Given n ropes of different lengths, connect them into a single rope with minimum cost. Assume that the cost to connect two ropes is the same as the sum of their lengths.(Hint: Use a priority queue implemented using min-heap)
Input:
[5,4,2,8]
Output :
The minimum cost is 36
For example,
[5, 4, 2, 8] –> First, connect ropes of lengths 4 and 2 that will cost 6.
[5, 6, 8] –> Next, connect ropes of lengths 5 and 6 that will cost 11.
[11, 8] –> Finally, connect the remaining two ropes that will cost 19.
Therefore, the total cost for connecting all ropes is 6 + 11 + 19 = 36.

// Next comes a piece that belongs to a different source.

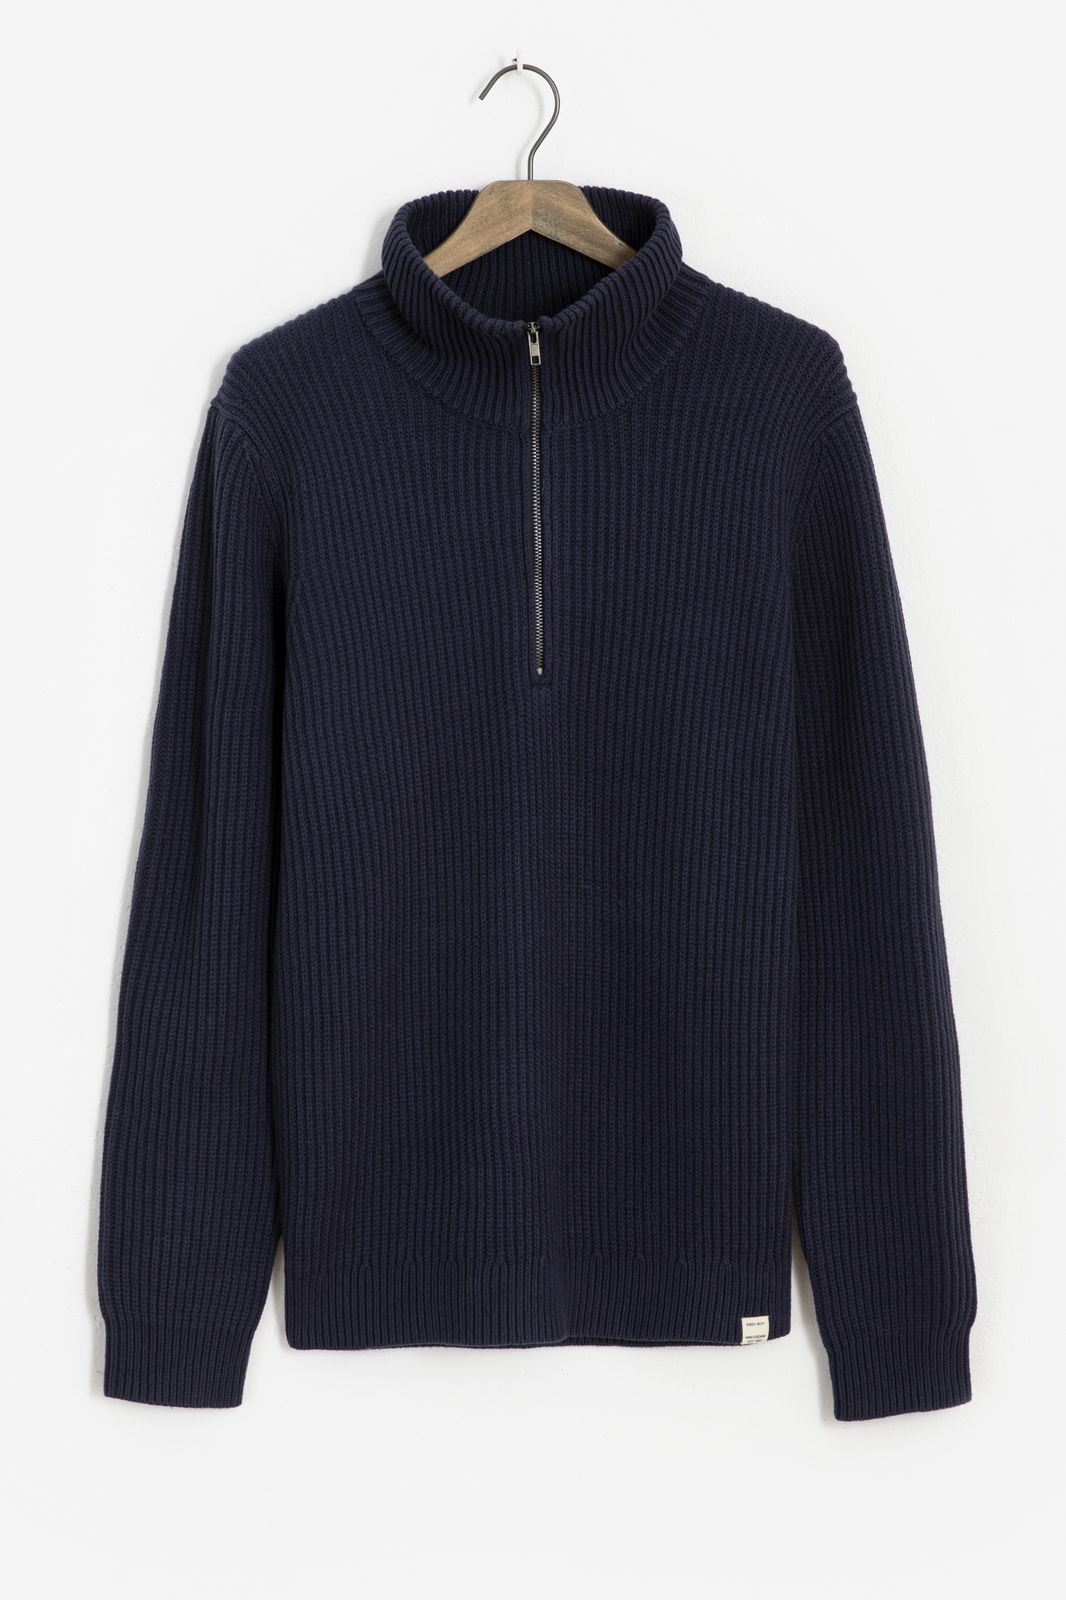 Baumwoll-Pullover mit Reißverschluss - dunkelblau

Given a binary array, sort it in linear time and constant space by modifying the partitioning logic of the Quicksort algorithm. The output should print all zeroes, followed by all ones. For example,
Input:
{1,0,1,0,1,0,0,1}
Output :
{0,0,0,0,1,1,1,1}
Construct a following tree.
1
/ \
/ \
2 3
/ / \
/ / \
4 5 6
/ \
/ \
7 8
Take this binary tree, calculate the difference between the sum of all nodes present at odd levels and the sum of all nodes present at even level. You should get the required difference as output is:
(1+4+5+6) - (2+3+7+8) = -4